Я много размышлял о последних романах А. Чаковского, К. Симонова, Ю. Бондарева, И. Стаднюка и многих других своих коллег. В той же "Блокаде" А. Чаковского взята вроде бы одна "горячая точка" войны: Ленинград. Но взята она уже не однолинейно и не однопланово, как это случилось во многих, даже талантливых произведениях недавних лет. Эта "точка" высвечена со всех сторон. Здесь видна масштабность видения художника, что представляется мне и принципиально важным, и качественно новым шагом вперед в исследовании искусством правды о войне.

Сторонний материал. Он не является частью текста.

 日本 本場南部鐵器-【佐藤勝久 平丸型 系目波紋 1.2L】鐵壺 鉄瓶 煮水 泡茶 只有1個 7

Только на таком пути поиска, па мой взгляд, и может родиться роман завтрашнего дня. Этот день я вижу как утверждение в искусстве народного романа-эпопеи...
Юрий Бондарев написал специальную работу - "Тенденции развития военно-исторического романа". "Одна из непоколебимых аксиом искусства, - говорил он, - может быть выражена, как мне кажется, следующей формулой: только отвергая высотобоязнь и глубинобоязнь, превратный и сложный литературный процесс способен идти по восходящей". Главную тенденцию развития жанра Ю. Бондарев определяет как "попытку нового исследования человека в движении истории и движение истории в человеке, то есть этого известного и изменяющегося диалектического единства и диалектического противоречия нравственного порядка".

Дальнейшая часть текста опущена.